Tahap selanjutnya adalah verifikasi atau kritik sumber yang terbagi ke dalam kritik intern dan
kritik ekstern. Tahapan ini merupakan langkah untuk menguji kebenaran sumber, dan diperlukan
untuk menghindari kesalahan penyusunan historiografi yang berupa ahistoris dan/atau anakronis.

Tahapan berikutnya ialah interpretasi atau penafsiran sumber, di mana setelah peneliti berhasil
memeriksa keaslian dokumen dan informasi di dalamnya, maka tugas berikutnya adalah
menafsirkan data maupun informasi yang ditemukan. Data-data yang ditemukan nantinya harus
melalui tahap “analisis”, yakni menguraikan data tersebut satu-persatu. Setelah itu, data yang
telah diuraikan akan melalui tahap “sintesis”, yakni disusun atau dirangkai menjadi suatu narasi
yang memiliki keterkaitan satu sama lain.

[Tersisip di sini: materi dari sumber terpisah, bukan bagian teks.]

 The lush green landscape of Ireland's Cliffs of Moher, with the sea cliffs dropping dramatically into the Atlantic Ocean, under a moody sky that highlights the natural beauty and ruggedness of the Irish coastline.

Tahap keempat atau yang terakhir yaitu historiografi atau penulisan sejarah yang mengacu pada
aturan-aturan penulisan dan memperhatikan aspek kronologis suatu peristiwa.
Pembahasan

Sebagian kecil wilayah Indonesia, khususnya beberapa wilayah di Jawa dan Bali bertumpu pada
sektor pertanian yang menjadi prioritas utama dalam penunjang perekonomian. Bali sangatlah
mengutamakan kesejahteraan masyarakat melalui sektor pertanian. Untuk menjadikan sektor
pertanian yang lebih maju, diharapkan para petani untuk meningkatkan produktivitasnya yang
dimana nantinya hal tersebut merupakan faktor yang sangat penting dalam menunjang
keberhasilan suatu usaha terutama pada sektor pertanian. Maka dari itu para petani di Indonesia
diusahakan menggunakan segala cara, di antaranya penggunaan atau pemanfaatan luas lahan
serta teknologi untuk menunjang produktivitas sektor pertanian.

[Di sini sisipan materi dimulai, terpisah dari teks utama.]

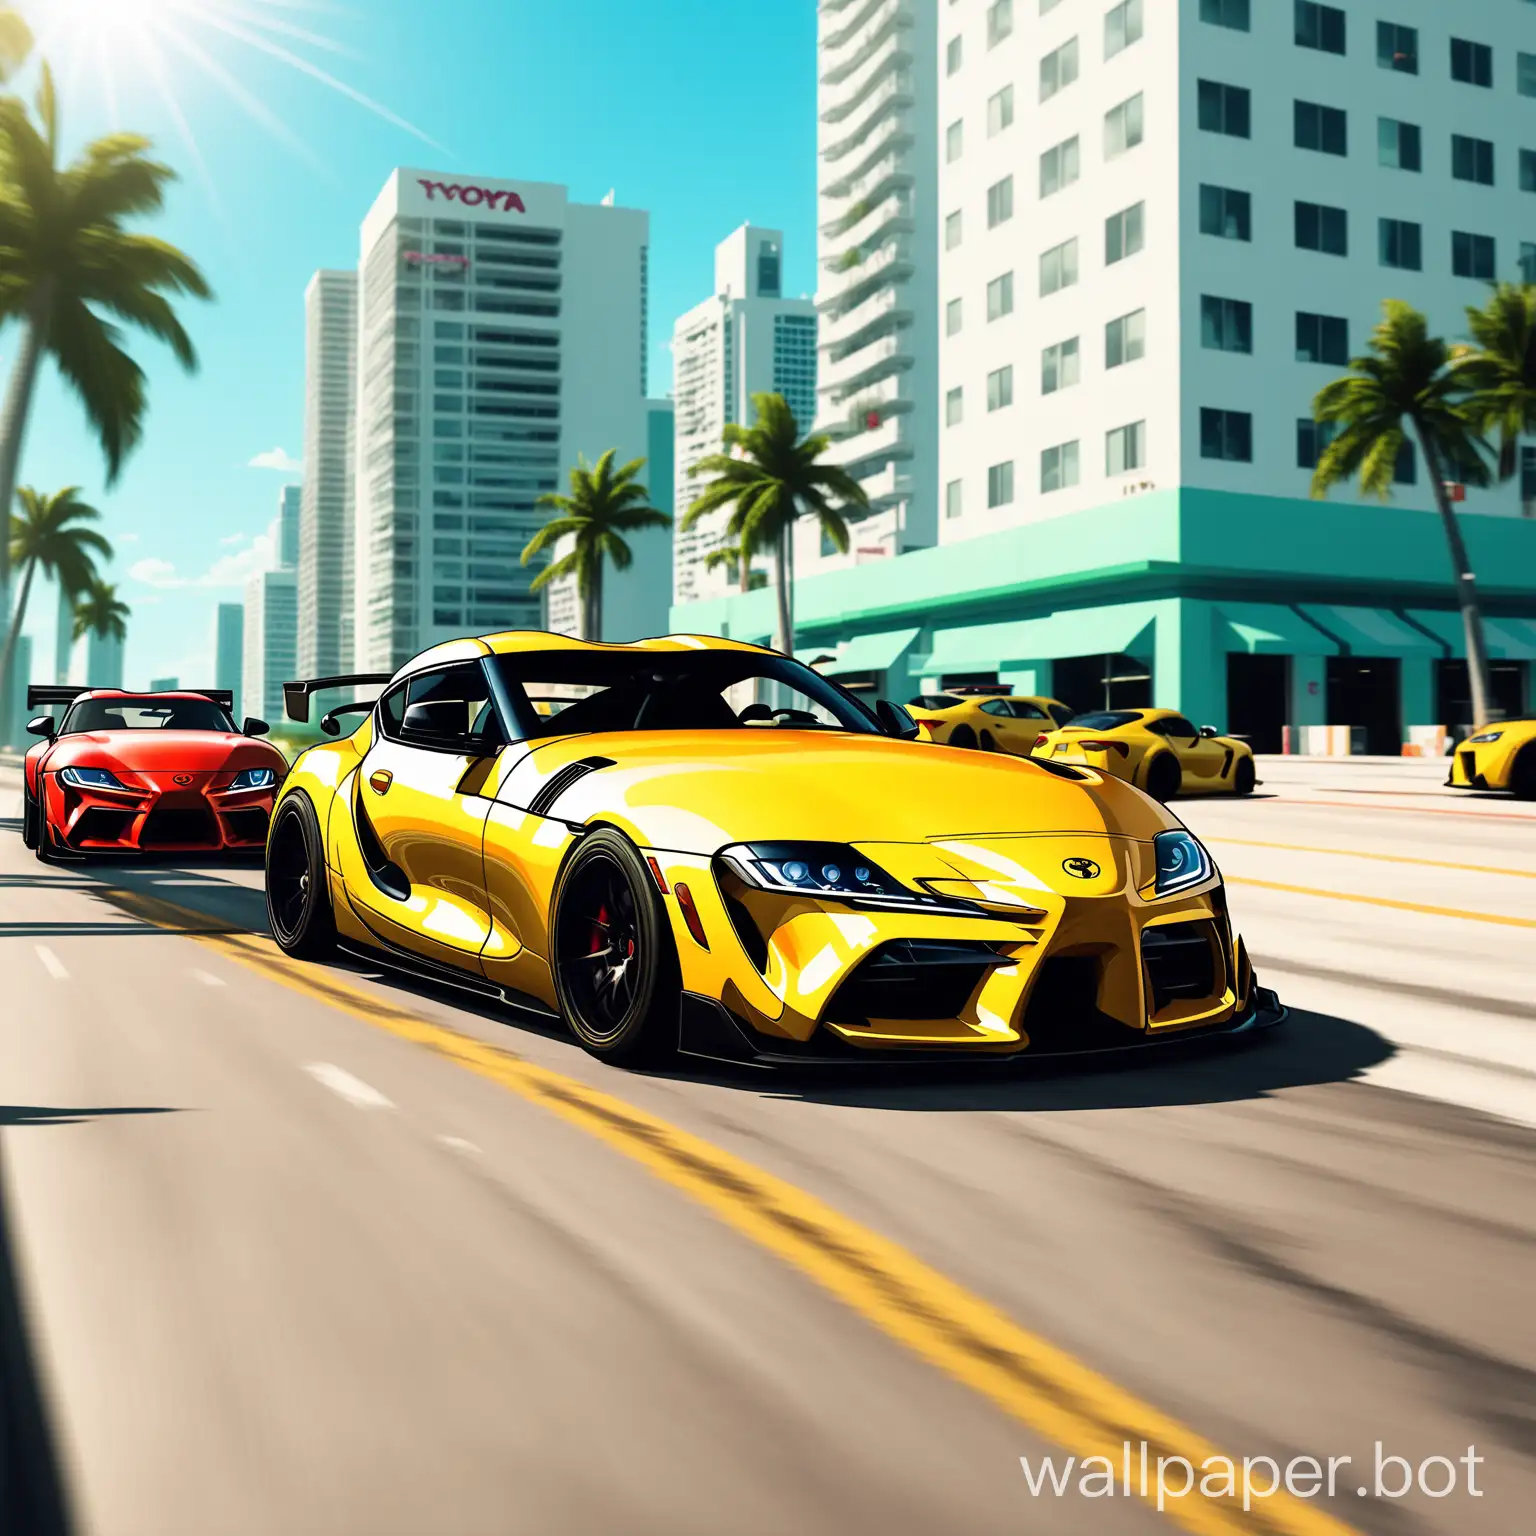 A yellow Toyota Supra with a wide body kit, racing on the streets of Miami. Buildings are in the background and it is a sunny day. The artwork is in the style of a Grand Theft Auto game with high resolution and vibrant, bold colors. The composition is cinematic.

Subak adalah lembaga tradisional tumbuh dan berkembang dalam masyarakat. Secara alamiah
lembaga dalam arti pranata mula-mula timbul sebagai keteraturan di dalam pola tingkah laku
manusia, untuk kemudian menjadi kebiasaan. Sistem irigasi subak pada dasarnya dapat
dipandang sebagai suatu sistem teknologi dan juga dapat dipandang sebagai sistem kebudayaan.
Subak sendiri dipandang oleh para ahli hanya terdiri atas dua aspek, yaitu aspek sosial dan aspek
teknis.6 Bahkan Geertz dalam Winda juga menganggap bahwa subak hanya sebagai sistem yang
terdiri atas aspek teknis saja. Menurut Geertz, subak adalah suatu areal persawahan yang
mendapatkan air dari satu sumber dan memiliki banyak saluran irigasi. Menurut Perda Provinsi
Bali No.2 tahun 1972, subak adalah masyarakat hukum adat di Bali yang bersifat sosio-agraris-
religius yang secara historis didirikan secara dahulu kala dan berkembang terus sebagai
organisasi pengusaha tanah dalam suatu daerah. Berbagai definisi yang mencoba menjelaskan
mengenai subak pada kenyataannya memang bermacam-macam dan tidak dapat dipastikan
definisi tunggal dari subak sendiri.

Sektor pertanian di Bali sendiri yang menggunakan sistem subak sebagai sistem dan lembaga
juga menyangkut berbagai permasalahan pertanian yang menyangkut lahan basah yang disebut
sebagai subak lahan basah dan pertanian yang disebut sebagai lahan kering atau subak abian
dalam Bahasa Bali. Namun perhatian dalam penggunaan subak sebagai sistem dan lembaga ini
lebih difokuskan kepada subak lahan basah. Subak lahan basah menjadi lebih diprioritaskan
daripada subak lahan kering karena tanaman pangan seperti padi, jagung, dan sebagainya
diproduksi sedemikian rupa menjadi bahan pangan untuk menjaga ketahanan pangan. Subak
6
I Wayan Budiasa, “Peran ganda Subak untuk pertanian berkelanjutan di Provinsi Bali,” Jurnal AGRISEP 9, no. 2
(2010): 153–65.
lahan basah sendiri pemanfaatannya juga lebih difokuskan kepada budidaya tanaman padi.7 Oleh
sebab itu, pembahasan dalam paper ini akan memfokuskan mengenai peran subak dalam usaha
mewujudkan swasembada beras yang digalakkan oleh pemerintahan Presiden Soeharto yang
dianggap berhasil pada tahun 1984. Apakah subak memegang peranan penting dalam
mewujudkan ketahanan pangan yang diagungkan pemerintahan Orde Baru atau malah
masyarakat Bali sendiri menggunakan sistem dan lembaga pertanian baru selain subak perlu
dibahas lebih lanjut dalam pembahasan kali ini.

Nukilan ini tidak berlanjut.